Примерно в 9 утра 2 ноября по определенному телефонному номеру, который был дан Пеньковскому, чтобы предупредить о том, что он заполнил тайник на Пушкинской улице, были приняты два условных звонка, сопровождавшихся молчанием в трубке. В отличие от тех случаев в декабре 1961 года, когда через нерегулярные интервалы раздавались подобные телефонные звонки «без слов», на сей раз на условленном месте, на сером телеграфном столбе № 35 по Кутузовскому проспекту, появился нарисованный мелом крестик. Пеньковский подавал сигнал о том, что он оставил срочное послание в тайнике, расположенном в доме 5/6 на Пушкинской улице. Было решено произвести выемку из тайника. Для проведения этой операции выбрали Ричарда Джекоба, сотрудника ЦРУ двадцати пяти лет, работавшего в качестве архивариуса «под крышей» американского посольства. Он должен был провести эту операцию в тот же день в 15 часов. Джекоб, ответственный за подготовку дипломатической почты и организацию ее отправки и приема в аэропорту, не ложился спать до 4 утра и сидел в аэропорту Шереметьево в ожидании прибытия диппочты. Прилет откладывался из-за погодных условий и плохой видимости. Джекоб спал, когда Хью Монтгомери, заместитель главы московской резидентуры ЦРУ, пришел к нему на квартиру и попросил прибыть в посольство. Монтгомери и Джекоб встретились в «пузыре» — подвесной звуконепроницаемой комнате из плексигласа, предназначенной для конфиденциальных разговоров и считавшейся недоступной для советских электронных средств подслушивания. Монтгомери показался Джекобу напряженным и «удрученным». Разговор был немногословным, и имя Пеньковского не упоминалось ни разу. Однако Джекоб понял, что тайник загружен именно Пеньковским. Перед отъездом в Москву он получил инструкции на этот счет. Он случайно видел Пеньковского 4 июля в Спасо-хаусе на приеме, который давал посол Томпсон.
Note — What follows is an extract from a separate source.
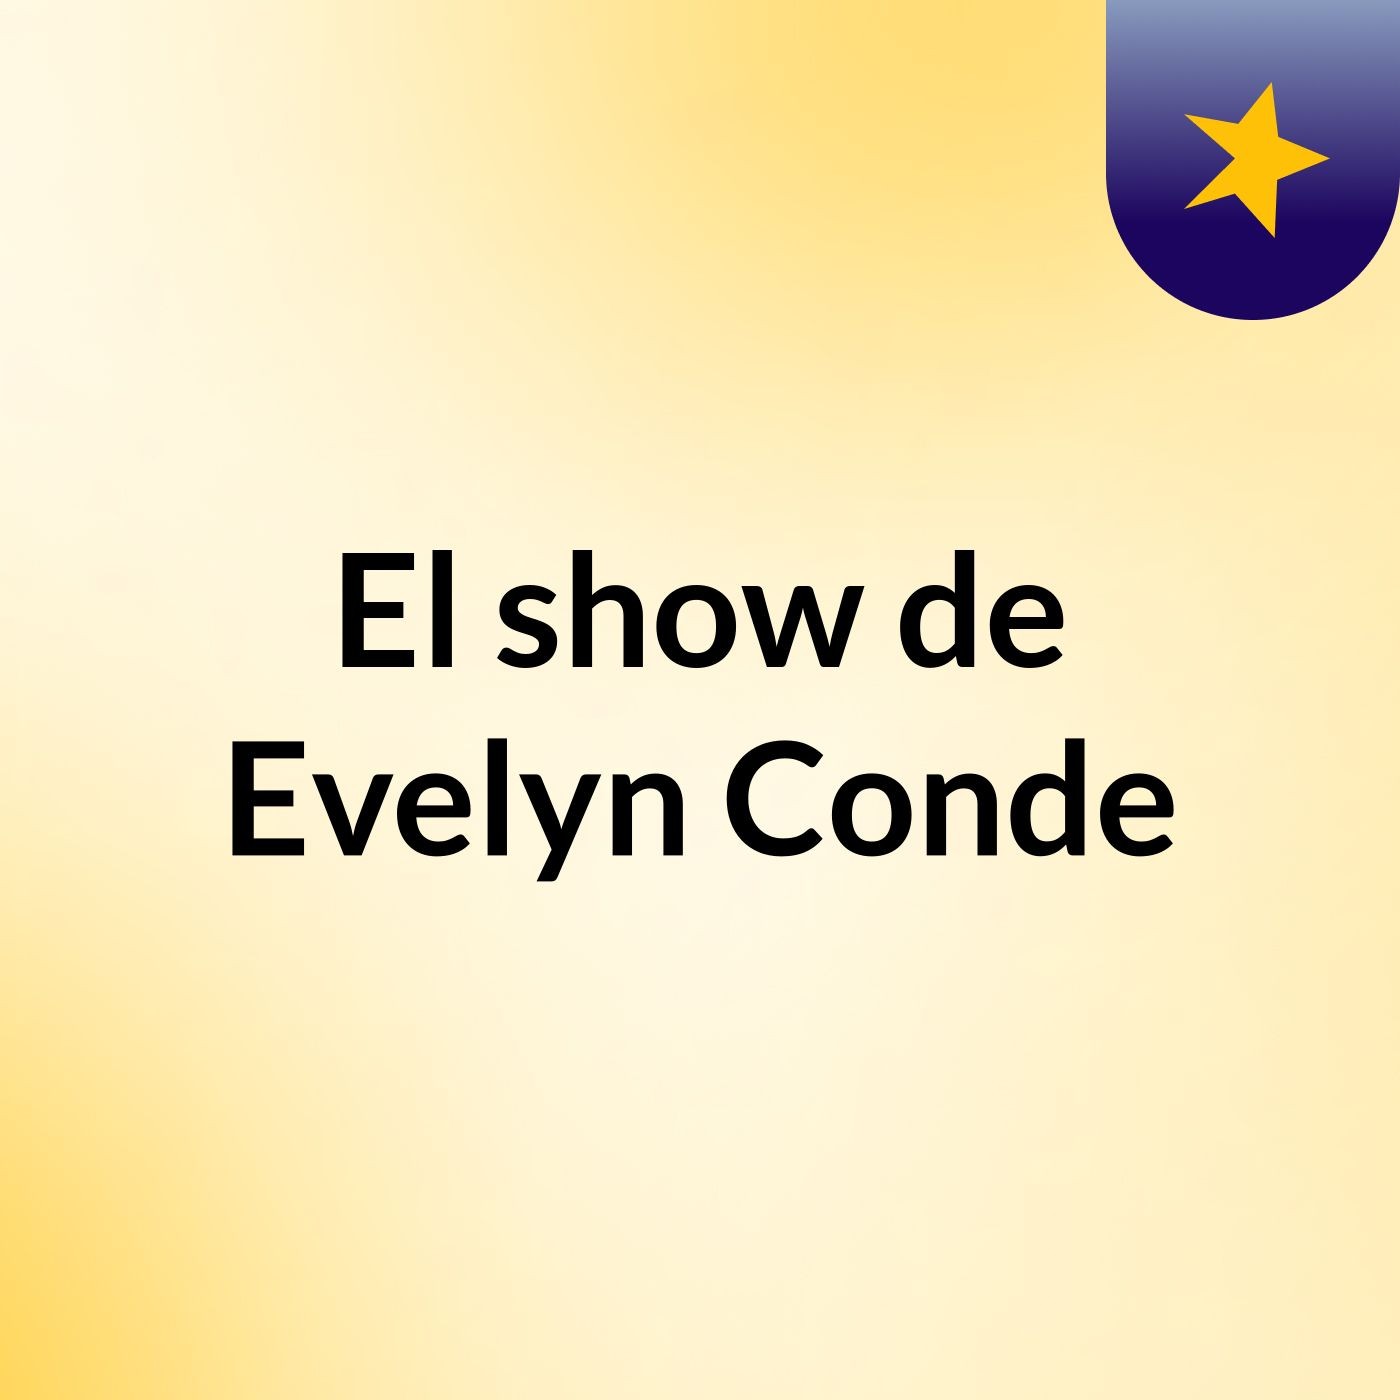 El show de Evelyn Conde

Пеньковский пришел тогда на прием вместе со своим начальником Василием Петроченко, возглавлявшим отдел внешних сношений Государственного комитета по координации научно-технических работ. Джекоб вспоминал: «Петроченко, казалось, наблюдал за Пеньковским. Я поговорил с Петроченко, потом он подвел меня к Пеньковскому, который стоял с Хью Монтгомери. Я хотел избежать встречи с Пеньковским, однако мне это не удалось, и Петроченко представил меня ему. Мы обменялись приветствиями, а затем я уехал».

Москва была для Джекоба местом первой загранкомандировки по линии ЦРУ: он хорошо говорил по-русски, так как в течение пяти лет изучал этот язык в Дартмуте и продолжал его изучение в армии, где занимался разведработой. В Форт-Миде, штат Мериленд, его научили, как вести себя во время допроса: «Не говорить ничего, что было бы неправдой, и не сообщать подробностей, которые могли бы быть использованы против вас».